Bonin-Andresen M, Smiljanovic B, Stuhlmüller B, Sörensen T, Grützkau A, Häupl T
Medizinische Klinik mit Schwerpunkt Rheumatologie und Klinische Immunologie, Charité Universitätsmedizin, Charitéplatz 1, 10117, Berlin, Deutschland.
Deutsches Rheuma-Forschungszentrum (DRFZ) Berlin, Berlin, Deutschland.
Z Rheumatol. 2018 Apr;77(3):195-202. doi: 10.1007/s00393-018-0436-3.

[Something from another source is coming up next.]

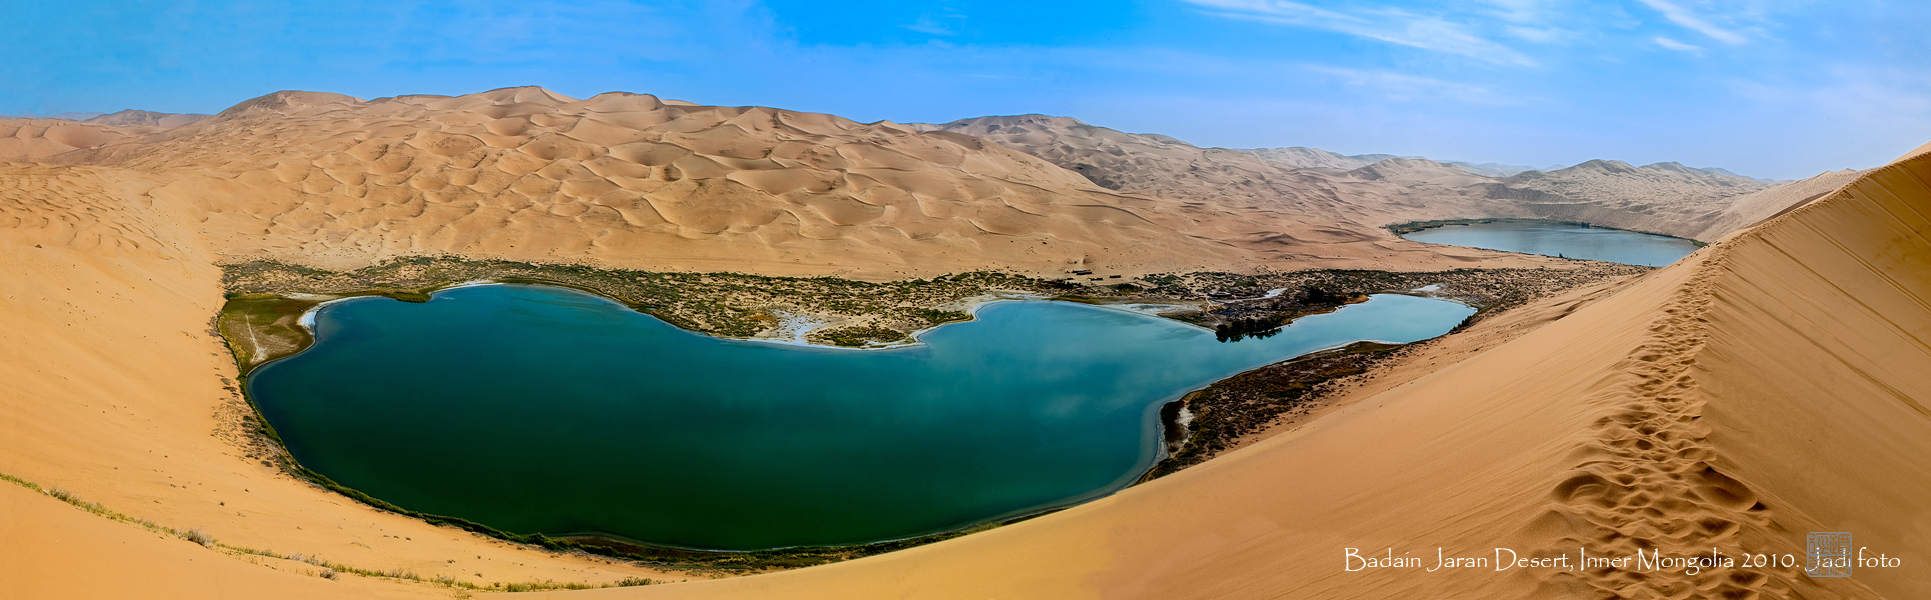 twin lakes in badain jaran desert, innner mongolia, china

Big data analysis raises the expectation that computerized algorithms may extract new knowledge from otherwise unmanageable vast data sets. What are the algorithms behind the big data discussion? In principle, high throughput technologies in molecular research already introduced big data and the development and application of analysis tools into the field of rheumatology some 15 years ago. This includes especially omics technologies, such as genomics, transcriptomics and cytomics. Some basic methods of data analysis are provided along with the technology, however, functional analysis and interpretation requires adaptation of existing or development of new software tools. For these steps, structuring and evaluating according to the biological context is extremely important and not only a mathematical problem. This aspect has to be considered much more for molecular big data than for those analyzed in health economy or epidemiology. Molecular data are structured in a first order determined by the applied technology and present quantitative characteristics that follow the principles of their biological nature. These biological dependencies have to be integrated into software solutions, which may require networks of molecular big data of the same or even different technologies in order to achieve cross-technology confirmation. More and more extensive recording of molecular processes also in individual patients are generating personal big data and require new strategies for management in order to develop data-driven individualized interpretation concepts. With this perspective in mind, translation of information derived from molecular big data will also require new specifications for education and professional competence.
大数据分析引发了人们的期待,即计算机算法或许能够从原本难以处理的海量数据集中提取新知识。大数据讨论背后的算法是什么?原则上,分子研究中的高通量技术大约在15年前就已将大数据以及分析工具的开发与应用引入了风湿病学领域。这尤其包括组学技术,如基因组学、转录组学和细胞组学。随着技术还提供了一些基本的数据分析方法,然而,功能分析和解读需要对现有软件工具进行调整或开发新的软件工具。对于这些步骤而言,根据生物学背景进行构建和评估极为重要,而不仅仅是一个数学问题。相较于在卫生经济学或流行病学中分析的数据,分子大数据在这方面必须得到更多的考量。分子数据在一阶层面上由所应用的技术构建而成,并呈现出遵循其生物学特性原则的定量特征。这些生物学相关性必须整合到软件解决方案中,这可能需要相同甚至不同技术的分子大数据网络,以实现跨技术验证。越来越广泛地记录个体患者的分子过程也正在产生个人大数据,并且需要新的管理策略,以便开发数据驱动的个性化解读概念。考虑到这一观点,源自分子大数据的信息转化也将需要教育和专业能力方面的新规范。